А этот выдающийся военачальник знал, о чем писал, и я, пожалуй, слушал вполне заинтересованно, хотя не узнал ничего нового. Основа всегда неизменна. А новомодные формы и обстоятельства — это все для дилетантов, читающих подобные вещи за едой.

— Ну вот, как-то так. — Архивариус промыл горло чаем, закрывая тетрадку. — Теперь ты знаешь, как прилично уйти из жизни.
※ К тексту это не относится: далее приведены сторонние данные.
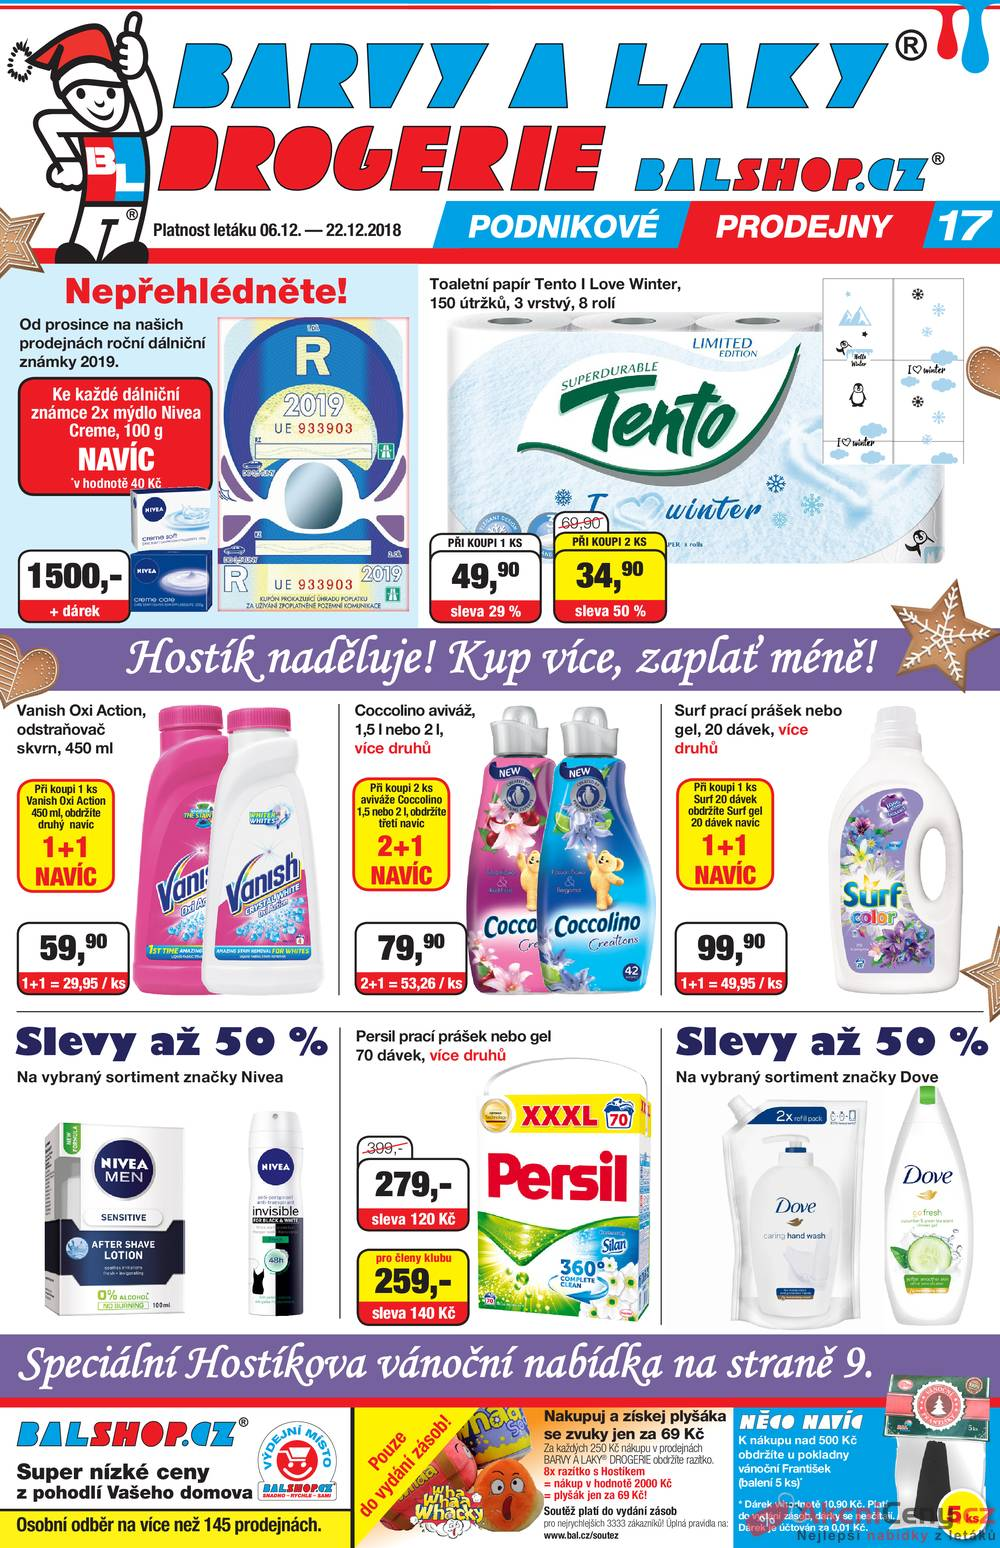 Leták Barvy a laky drogerie  - Barvy a laky drogerie 6.12. - 22.12. - strana 1
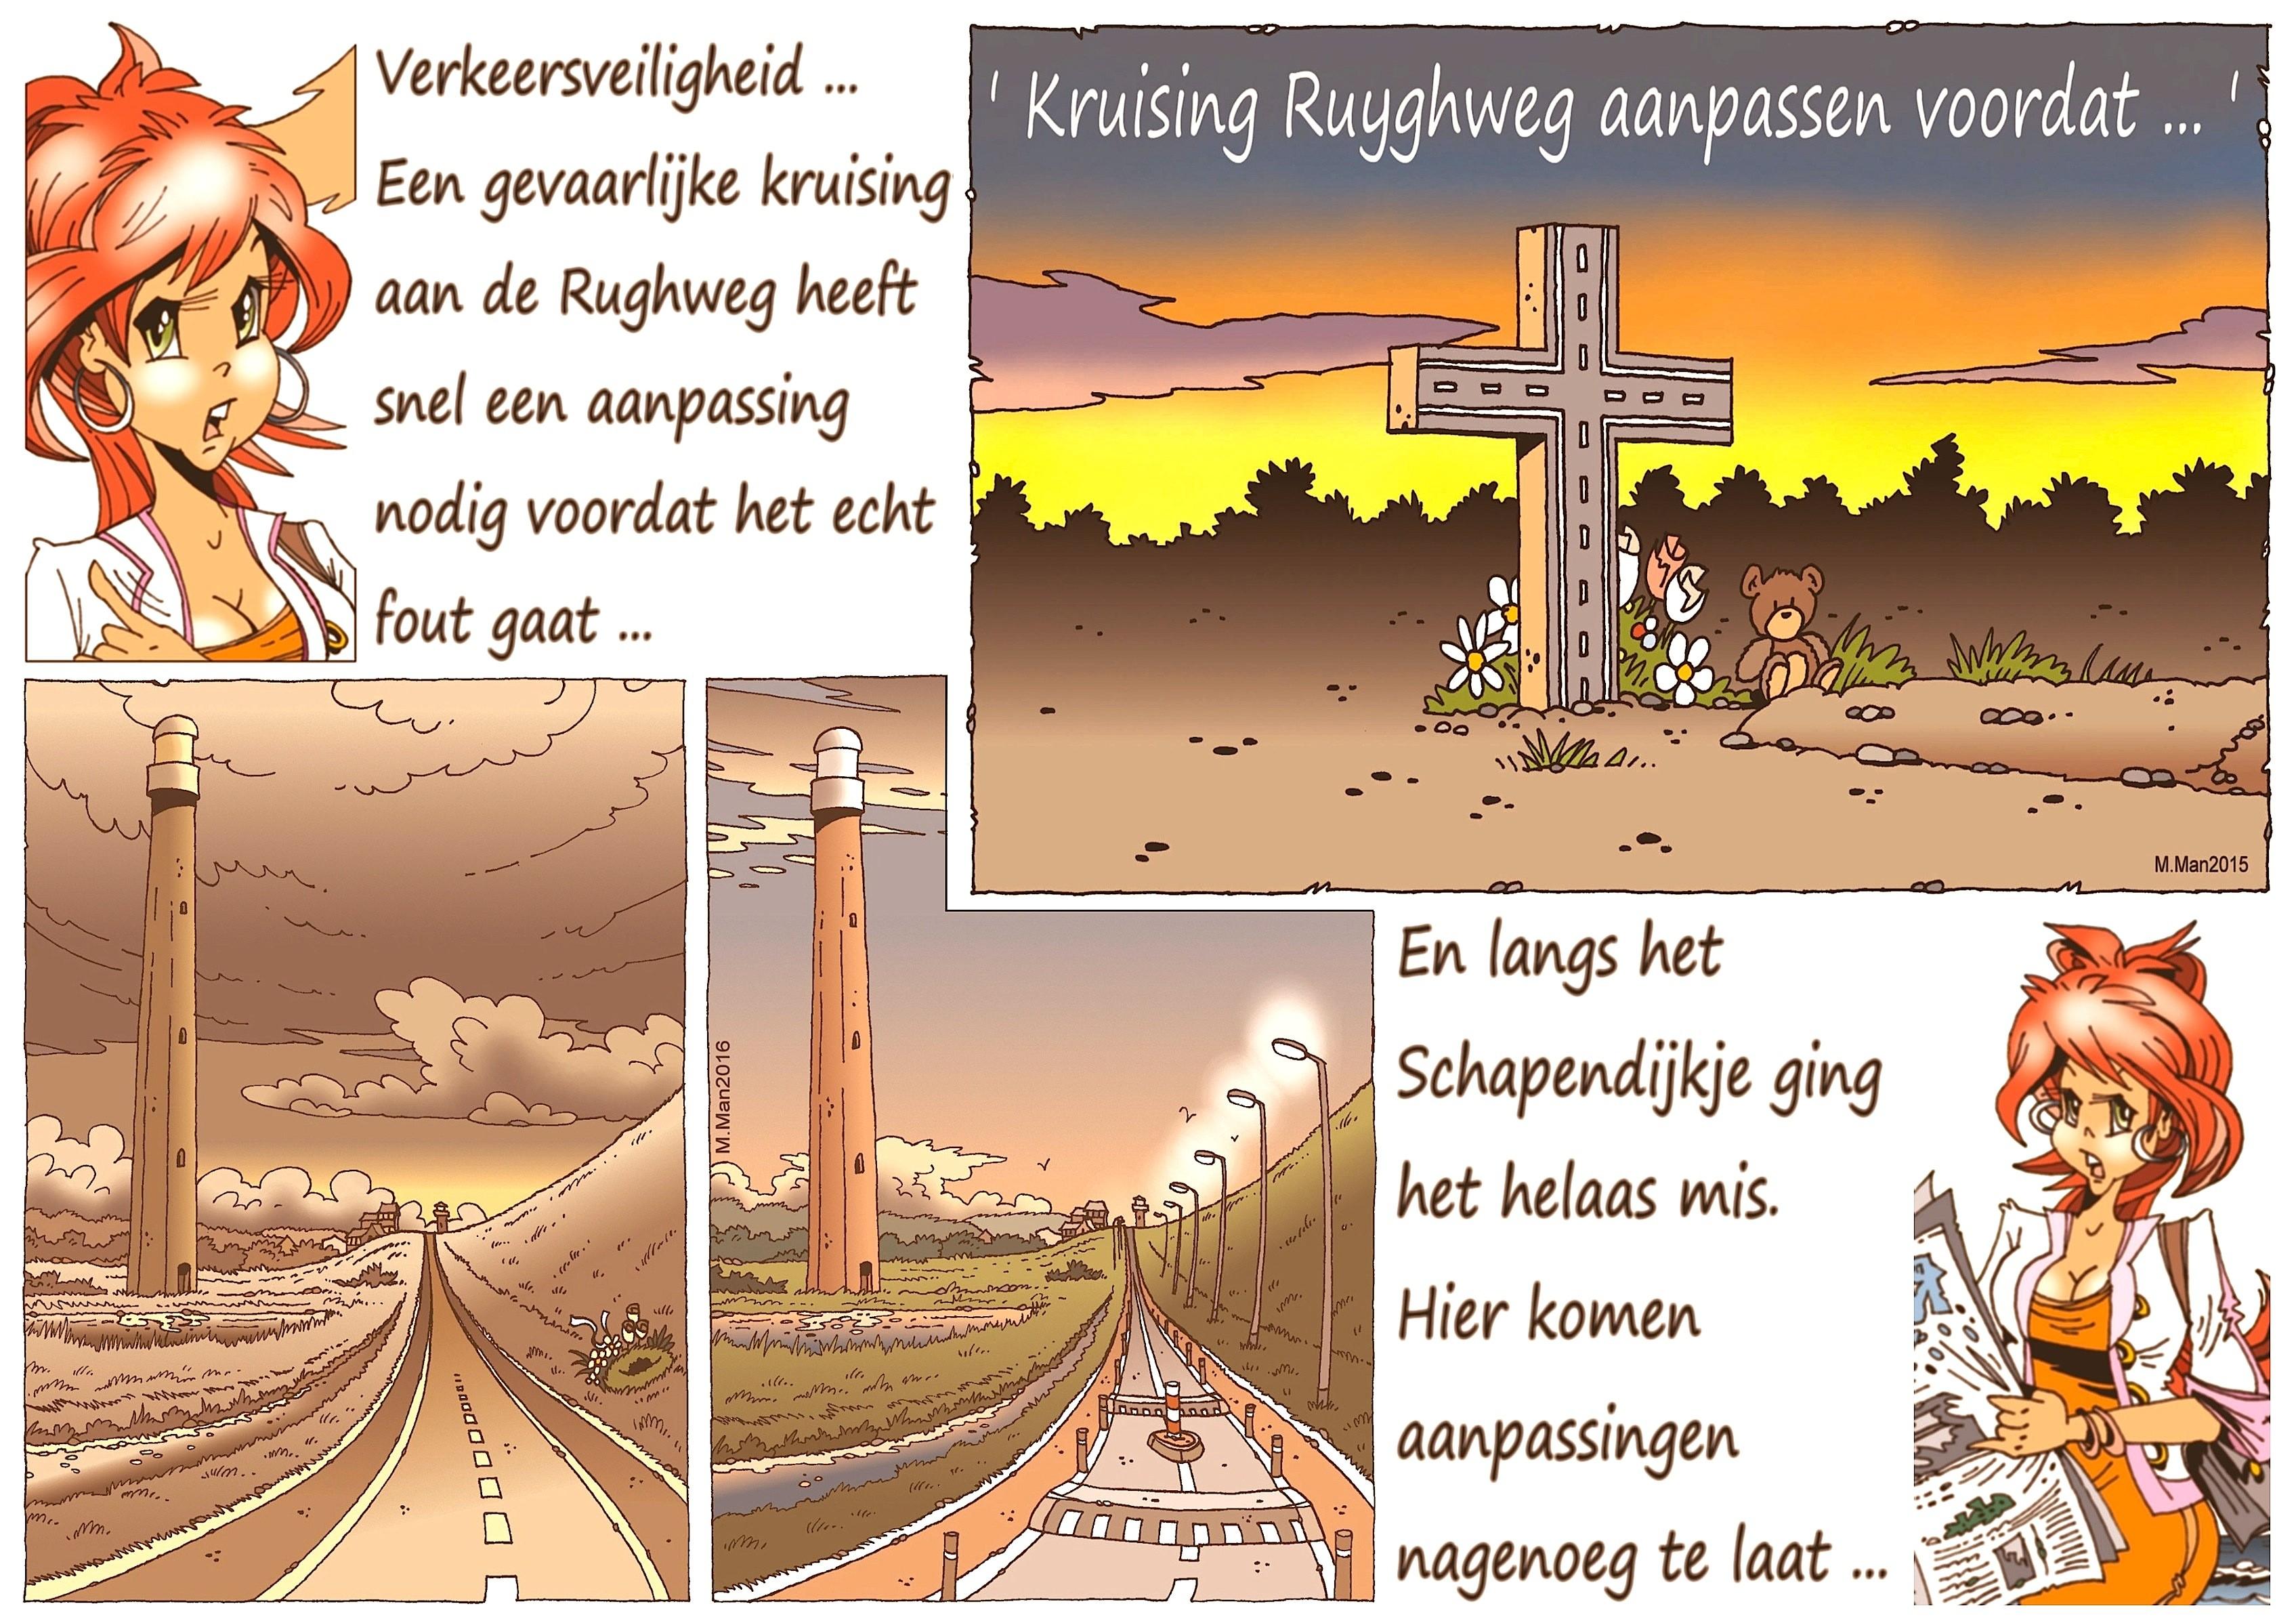 Martin Man – Sofietje's Helders Weekblad Cartoon-Chronicles (27): Verkeersveiligheid

Надеюсь, мое руководство тебе пригодится.

Он даже не пытался изобразить, что это шутка.

— Благодарю вас за науку, господин, — я поклонился, как мог, низко. — Отрадно быть уверенным в себе при последней обязанности в этом мире. Благодаря вам я стал лучше, чем был, и надеюсь, благородный господин, начертавший эти строки, безупречно воспользовался своим руководством.

— Он свалился с коня в грязь и утонул в луже, затоптанный вражеской конницей, — скучно отозвался господин архивариус. — Ты можешь быть свободен, а нас ждет много работы.

Секретарь проводил меня к выходу.

Я прошел молча, думая, что, возможно, не зря получил сегодня урок этикета. Что скоро он мне пригодится, когда придется отстаивать свою честь единственно возможным способом.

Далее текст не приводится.